## Task
Each record that follows goes into your reply unchanged; the pictures do not.

______________________________

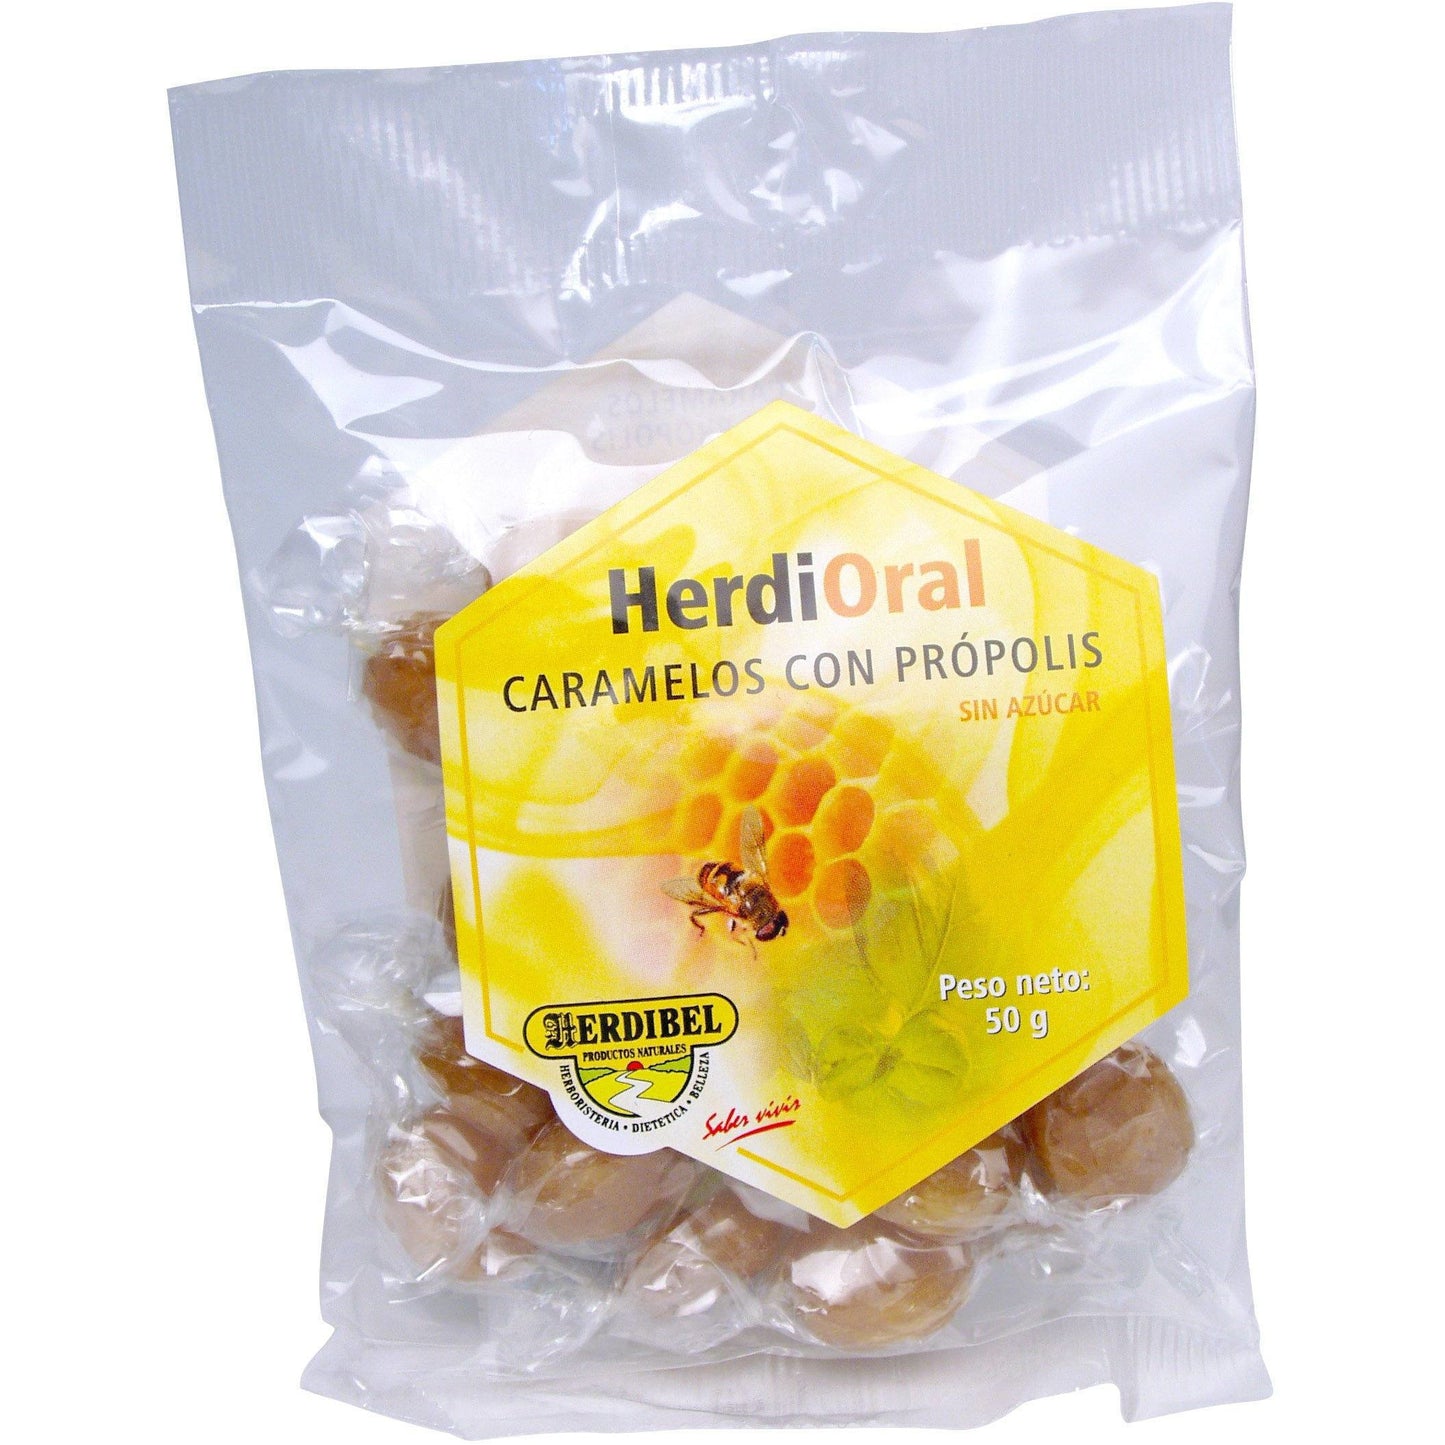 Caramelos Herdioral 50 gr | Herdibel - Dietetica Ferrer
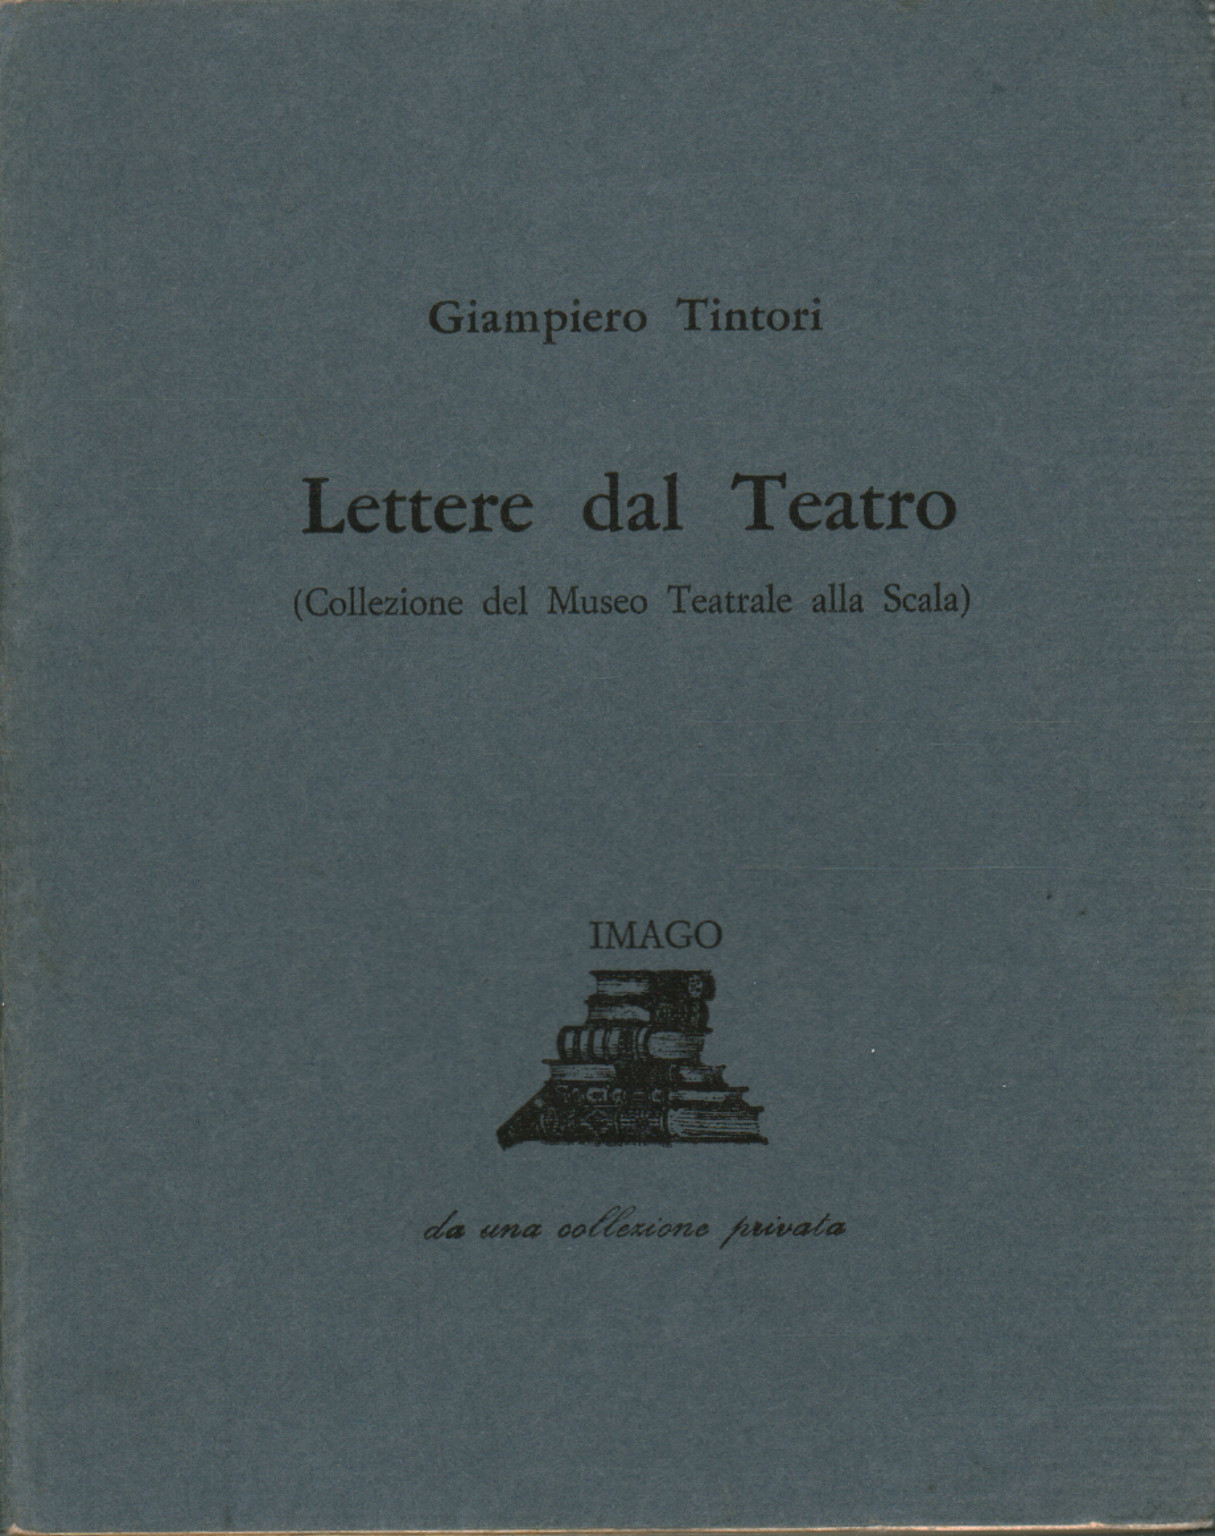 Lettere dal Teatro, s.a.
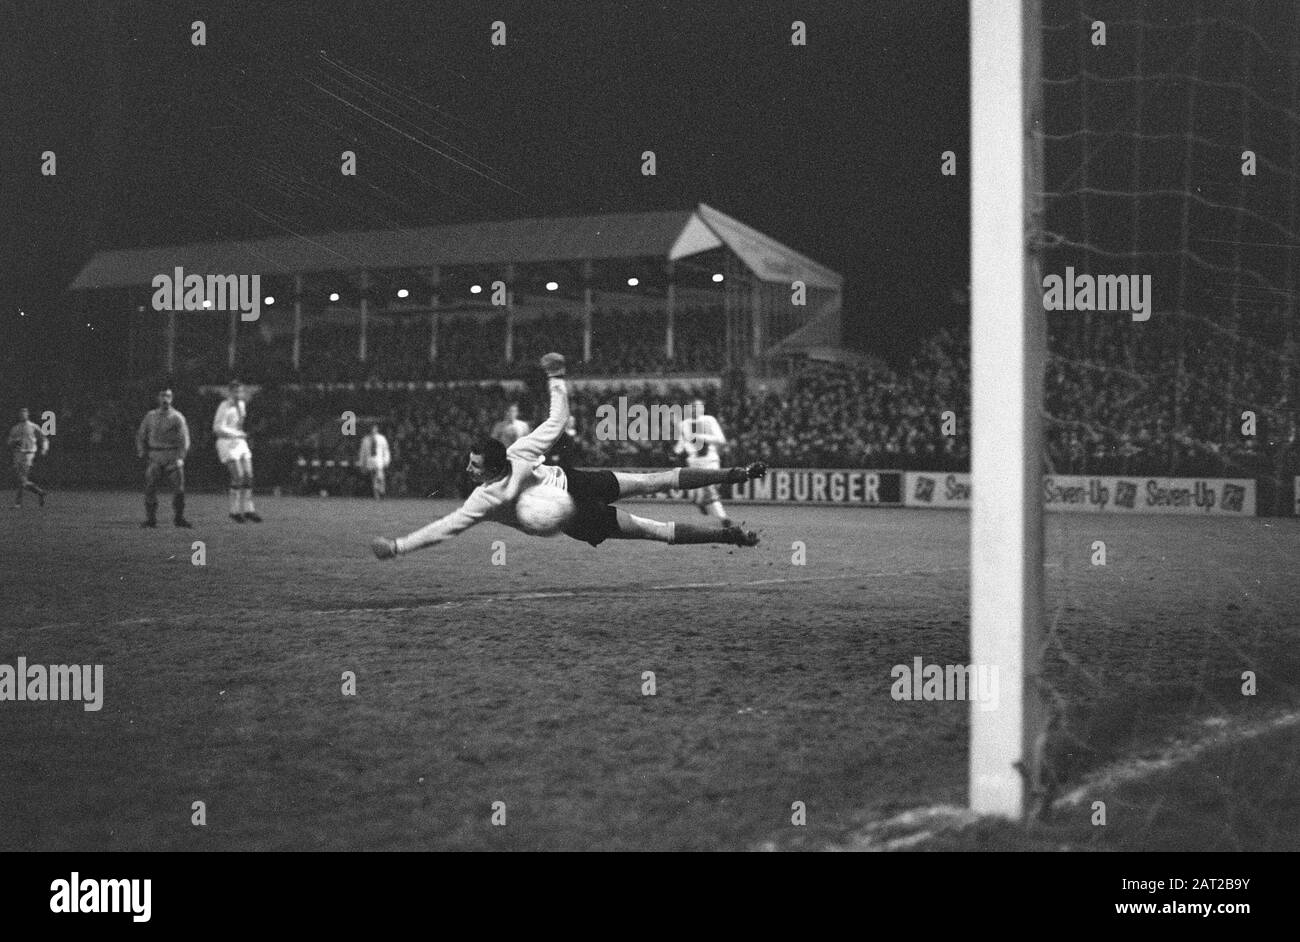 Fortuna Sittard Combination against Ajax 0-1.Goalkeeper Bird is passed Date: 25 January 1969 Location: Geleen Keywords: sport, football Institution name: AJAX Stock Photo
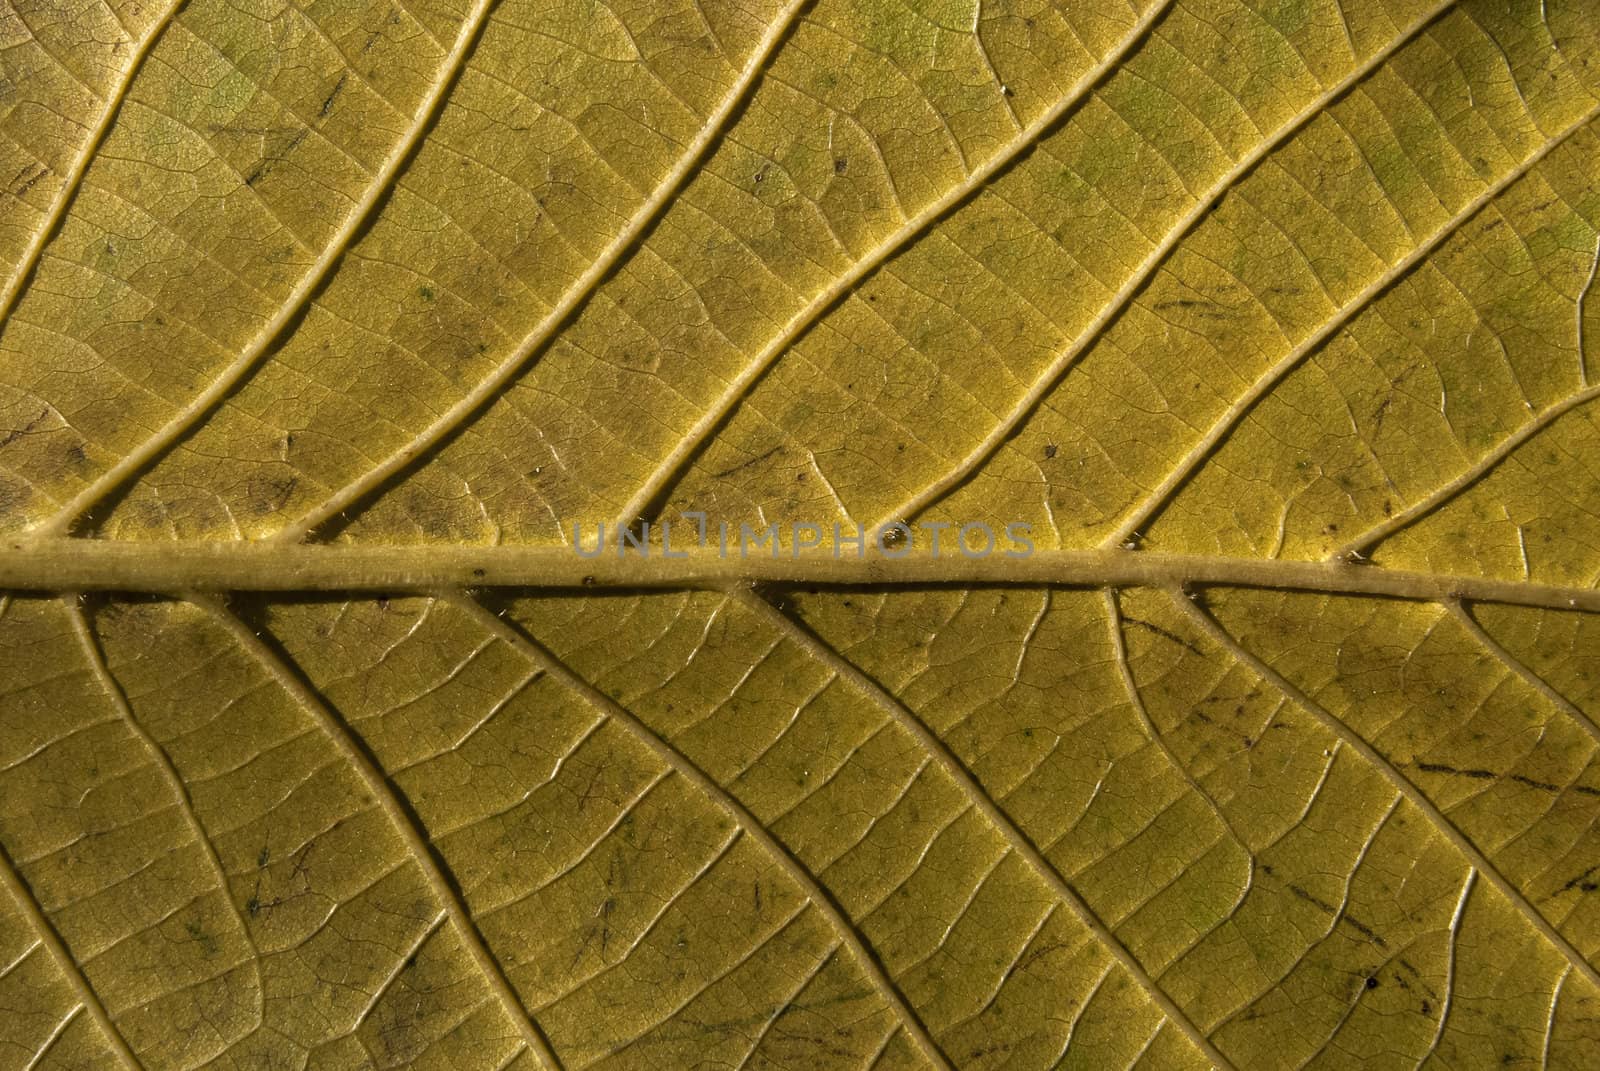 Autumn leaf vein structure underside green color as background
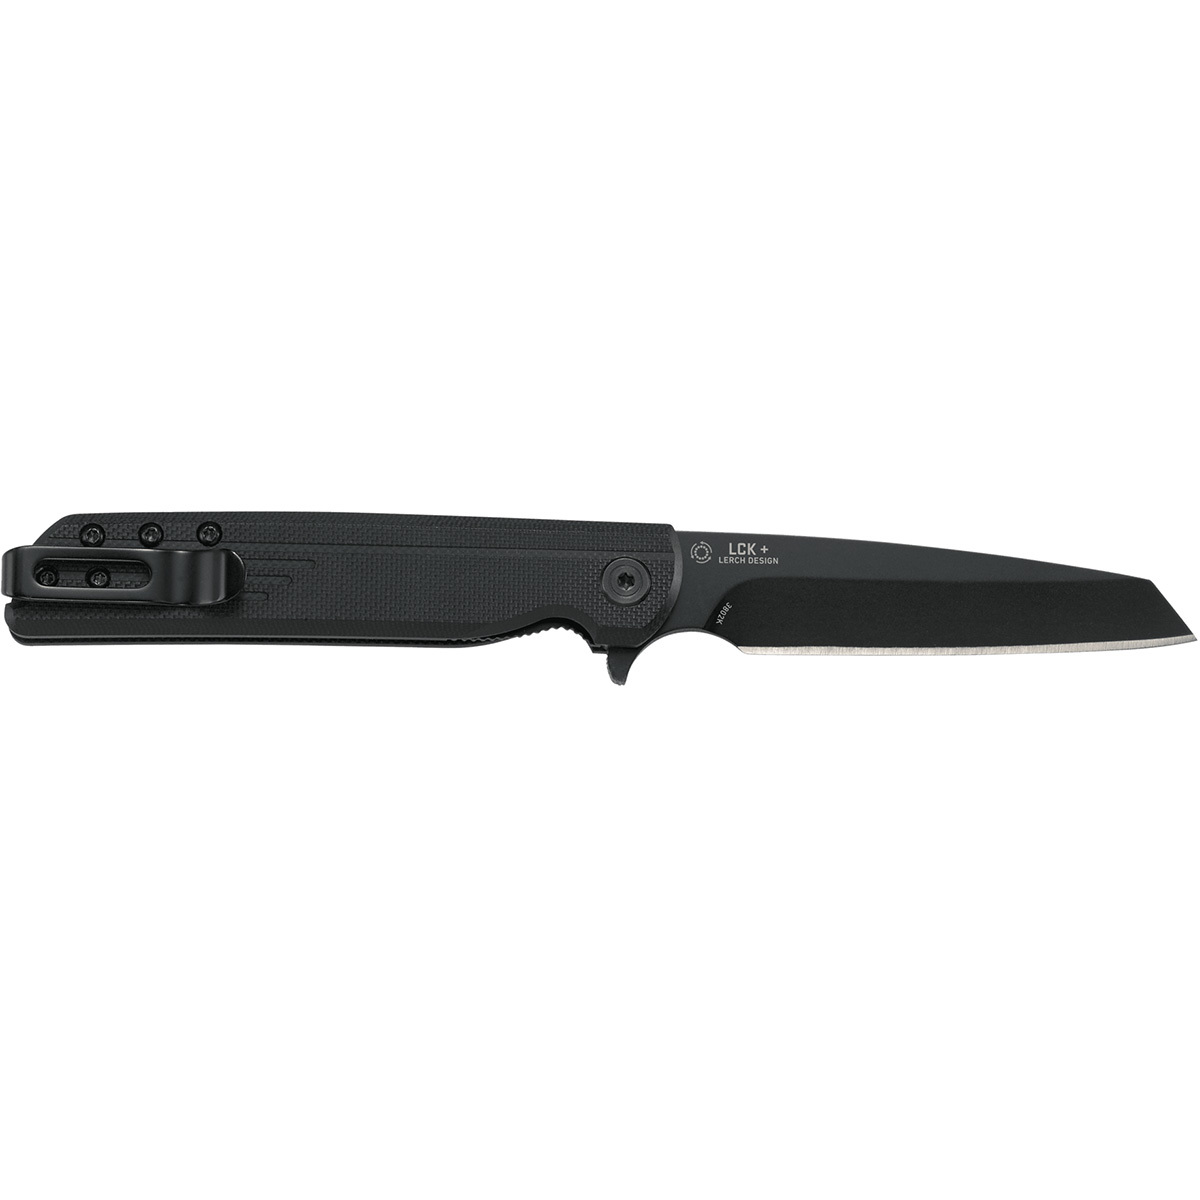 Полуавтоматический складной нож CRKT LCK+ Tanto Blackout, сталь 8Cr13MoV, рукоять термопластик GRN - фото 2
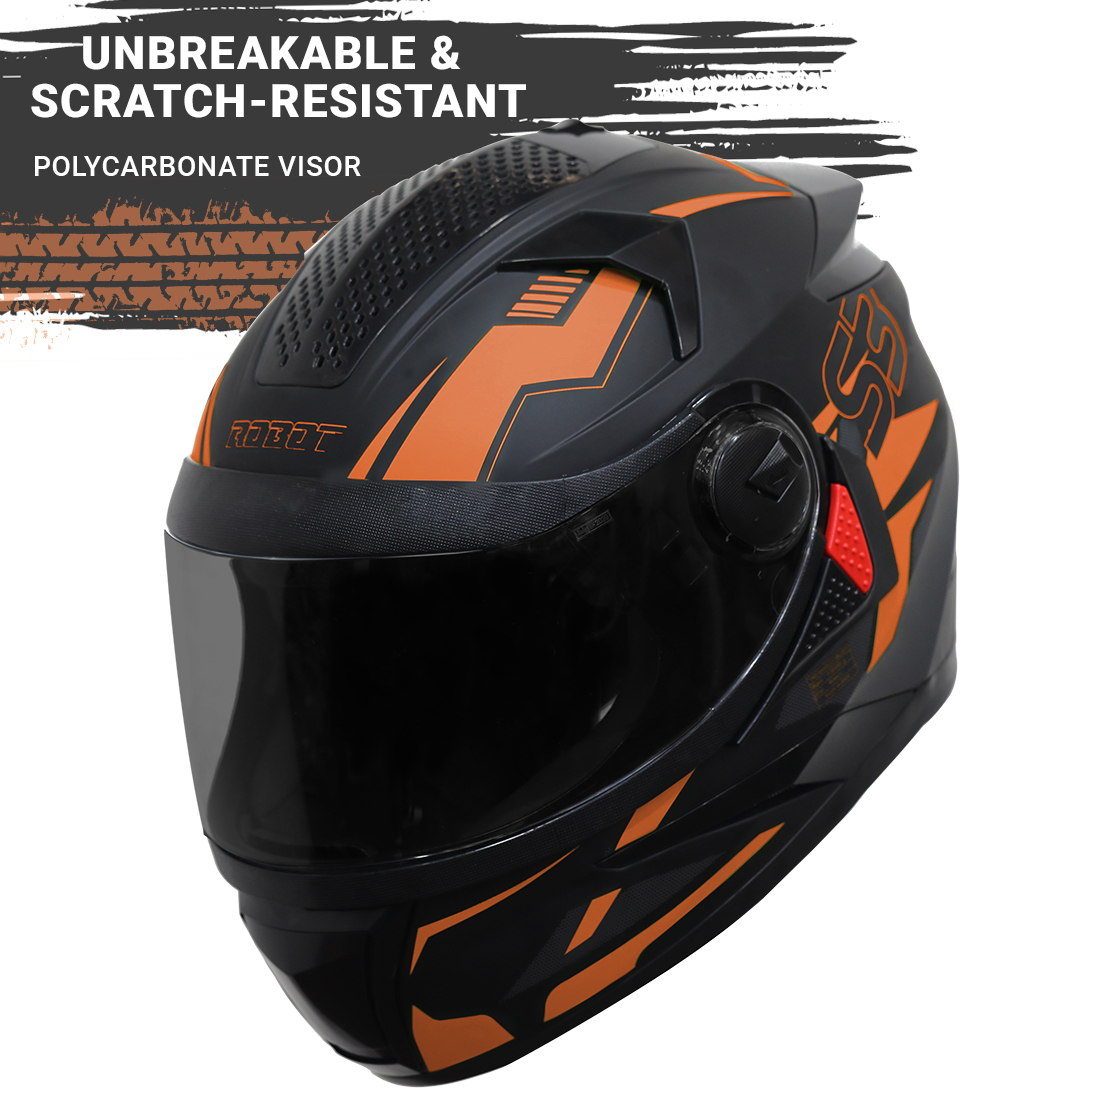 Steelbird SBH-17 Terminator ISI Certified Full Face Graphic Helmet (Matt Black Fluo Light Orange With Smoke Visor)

______________________________

## Reply
 Caramelos Herdioral 50 gr | Herdibel - Dietetica Ferrer
 Lettere dal Teatro, s.a.
 Fortuna Sittard Combination against Ajax 0-1.Goalkeeper Bird is passed Date: 25 January 1969 Location: Geleen Keywords: sport, football Institution name: AJAX Stock Photo
 Autumn leaf vein structure underside green color as background
 Полуавтоматический складной нож CRKT LCK+ Tanto Blackout, сталь 8Cr13MoV, рукоять термопластик GRN - фото 2
 Steelbird SBH-17 Terminator ISI Certified Full Face Graphic Helmet (Matt Black Fluo Light Orange With Smoke Visor)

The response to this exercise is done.